Perfect ploy to play victim

As former Clinton national security adviser Sandy Berger convincingly explains in Politico Magazine last week, scuttling the deal now or when the next president is inaugurated will probably be the worst of all worlds. It would give the Iranians the perfect ploy to play victim on the world stage, none of the sanctions from the rest of the world would be enforced and Iran wouldn’t have to abide by any of the rules of the agreement, only the ones which they could pick and choose. Far from pushing the president into “a better deal,” like they claim, Republicans and others are instead pulling the entire rug out from under him.

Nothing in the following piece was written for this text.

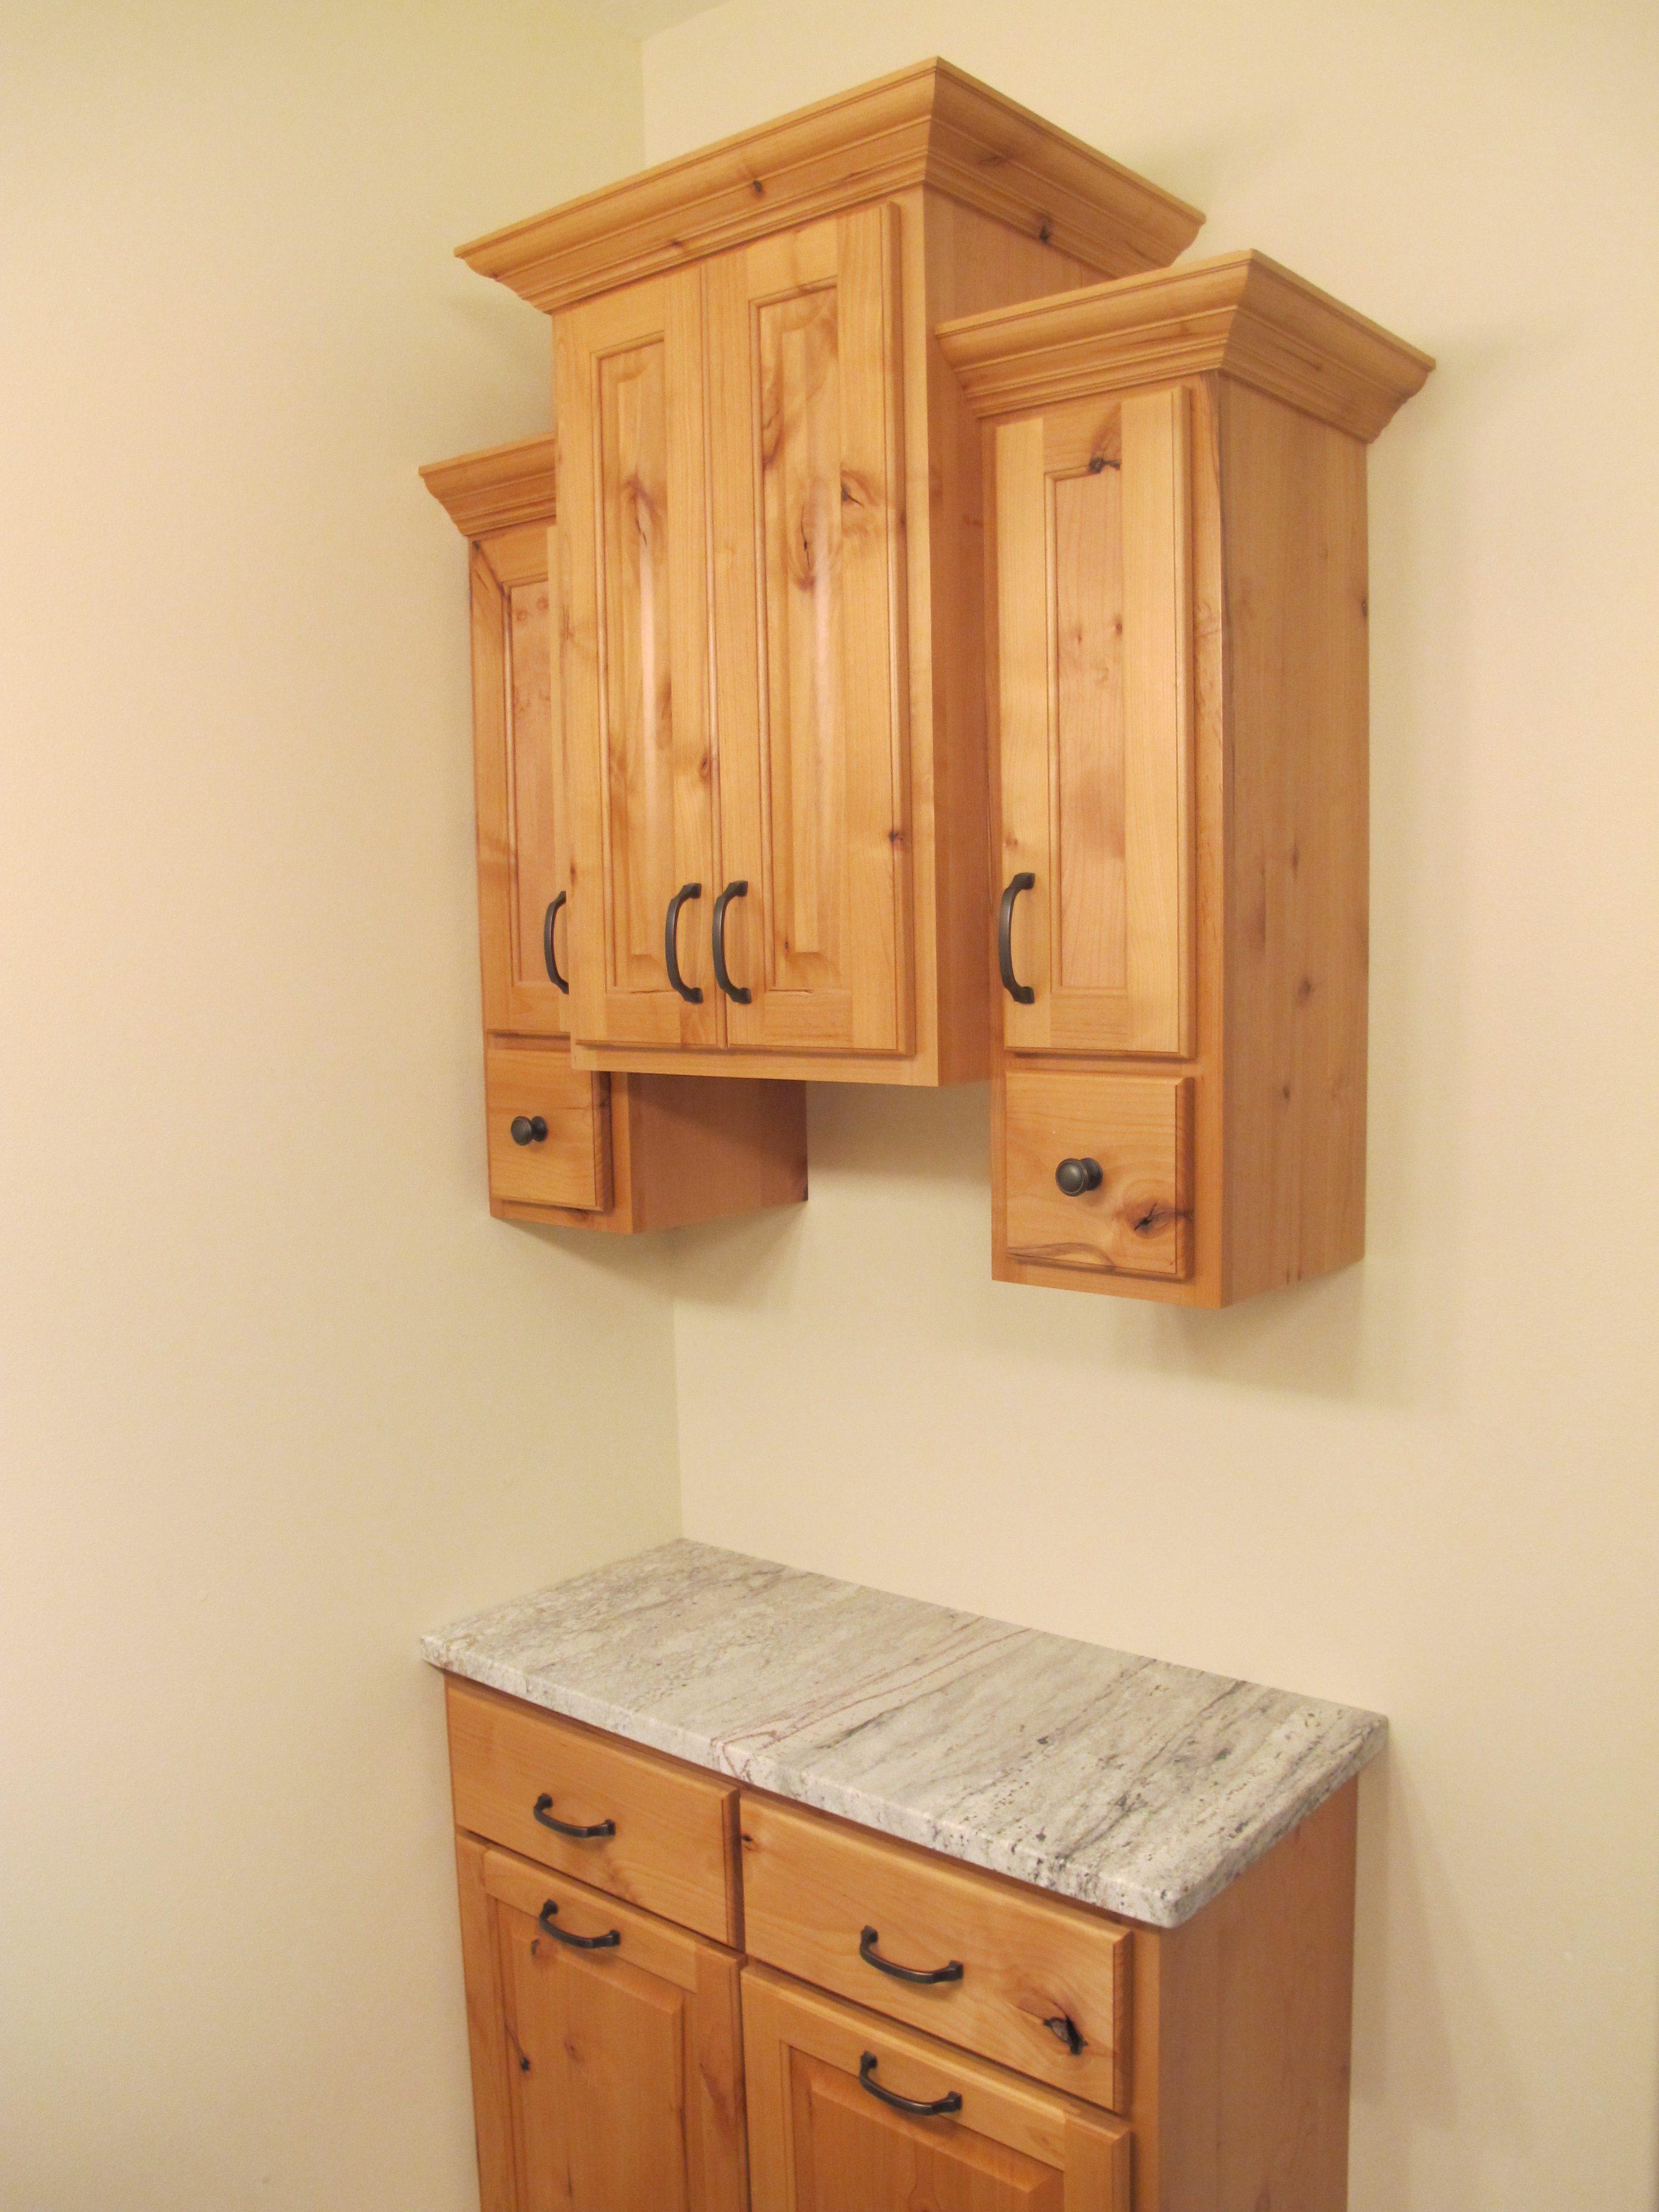 Rustic Alder Bathroom Cabinets Laundry

Everyone seems to be pretending this is just a deal between the US and Iran, when it actually involves Russia and China and Europe, and no matter what the US does, the rest of the world is going to end sanctions against Iran. So it’s really just a question of whether the US wishes to make economic enemies out of its European allies, and whether no deal is better than this one.

All of this is why it was so satisfying to see President Obama publicly defend the agreement with the contempt the deal’s critics deserve. In a blistering speech and interviews that followed, he accused Republicans of not reading the deal, wanting war with Iran and saying hardliners in Iran were “making common cause with the Republican caucus.”

The Republican reaction was both amusing and telling. How dare he call us out like that, was apparently their response. Senate Majority leader Mitch McConnell cried to reporters that he was “especially insulted” and said Obama’s speech went “way over the line of civil discourse.”

This is particularly rich given that two of McConnell’s own party’s presidential candidates had separately claimed that Obama was marching Israelis “to the door of the oven” and that Obama would be the world’s “leading financier of radical Islamic terrorism” if the bill passed. What discourse!

I, for one, really enjoy the new no-holds-barred version of Obama, who lately has been going off on not only the Iran deal, but criminal justice, the climate and other issues. It’s about time he stops worrying about what Republicans think of him and tells the American public the blunt truth.